The study is anticipated to reveal a number of the perceived challenges to the integration of IPE into the existing CBE programs. These may include the lack of clear IPE objectives, the lack of coordination between academic programs, the lack of coordination in the academic calendars, and the lack of institutional guidance on IPE and teaching approaches. Faculty members may also reveal challenges related to facilitation approaches, workload, and the lack of processes to assess IPE.

Furthermore, the study is anticipated to reveal the perceived opportunities to improve IPE and teaching in the CBE programs at UDS. These may include the addition of IPE and teaching approaches, the addition of learning objectives, the addition of reflective learning approaches, and the addition of other approaches

4.0 Potential implications

Although this study will not produce empirical findings in its protocol stage, the anticipated insights from the perspectives of students and faculty members may contribute to curriculum development in health professions education. The understanding of how CBE programmes are viewed in relation to IPE may contribute to the alignment of learning, teaching, and assessment strategies with essential competencies such as communication, teamwork, and role clarification, in order to structurally integrate IPE activities into existing CBE programmes.
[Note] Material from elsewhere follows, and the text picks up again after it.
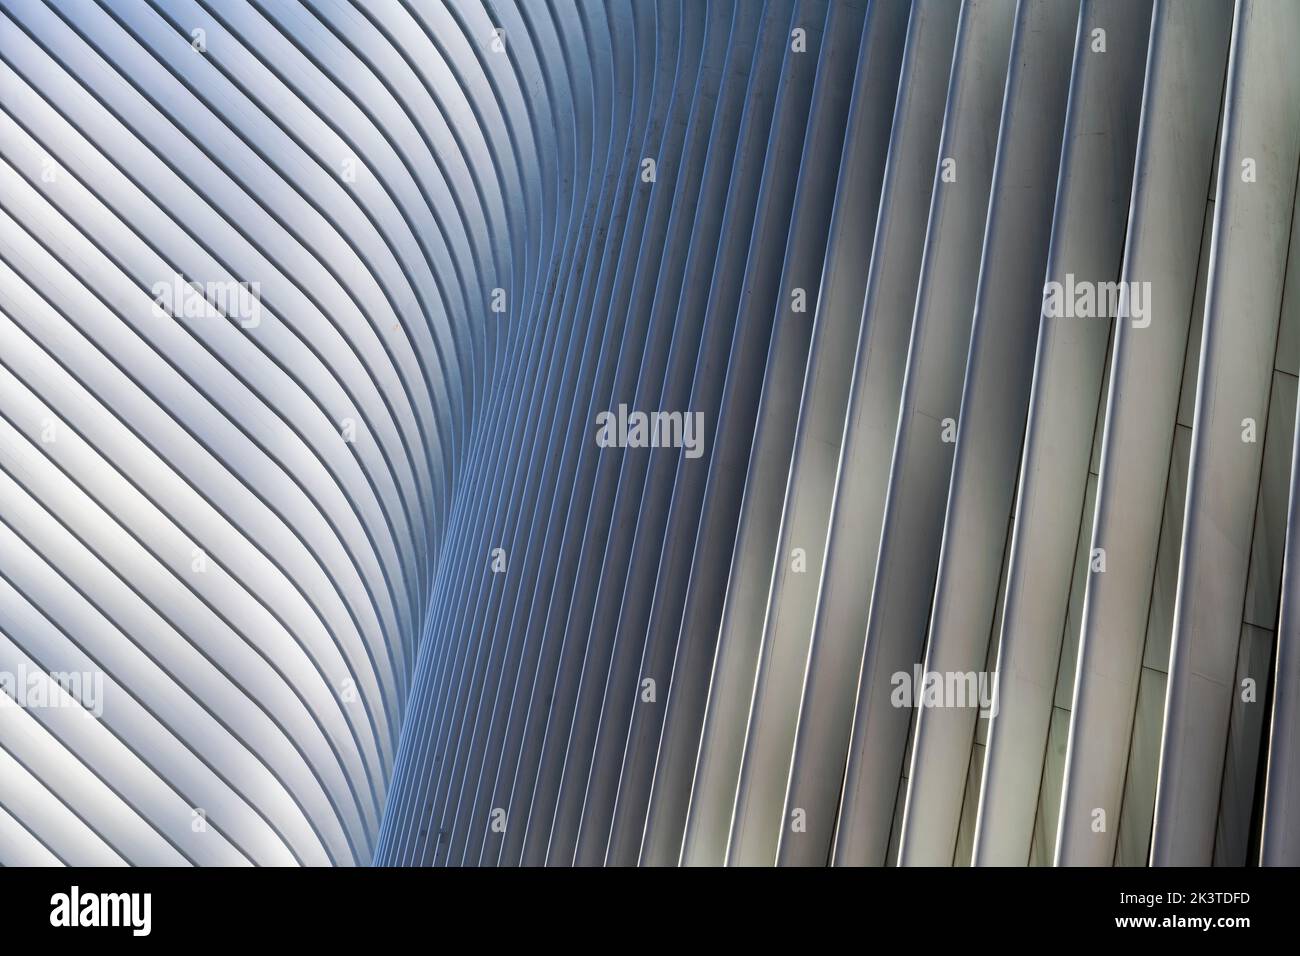 Ribs of Oculus station house designed by architect Santiago Calatrava, World Trade Center station (PATH), Manhattan, New York, USA Stock Photo

The anticipated study findings may also contribute to faculty development and policy alignment in health professions education. The understanding of perceived facilitators and barriers to IPE may lead to an understanding of where faculty development is needed to effectively facilitate IPE. The study may also contribute to evidence-based decisions in health professions education, such as faculty development and policy alignment, in relation to cross-departmental collaboration, scheduling, and supervision. Furthermore, it may contribute to broader policy discussions in relation to strengthening IPE in low-resource settings through the utilization of existing CBE programmes.

5.0 Protocol summary

The following is a study protocol for a qualitative exploration of health professions students’ and faculty members’ perspectives on CBE programs as a platform for IPE. In addition to this, it provides an outline of the conceptual framework of the study, methodology, and analysis to ensure transparency, rigor, and reproducibility of the research findings. This study seeks to provide foundational evidence for future research in this area.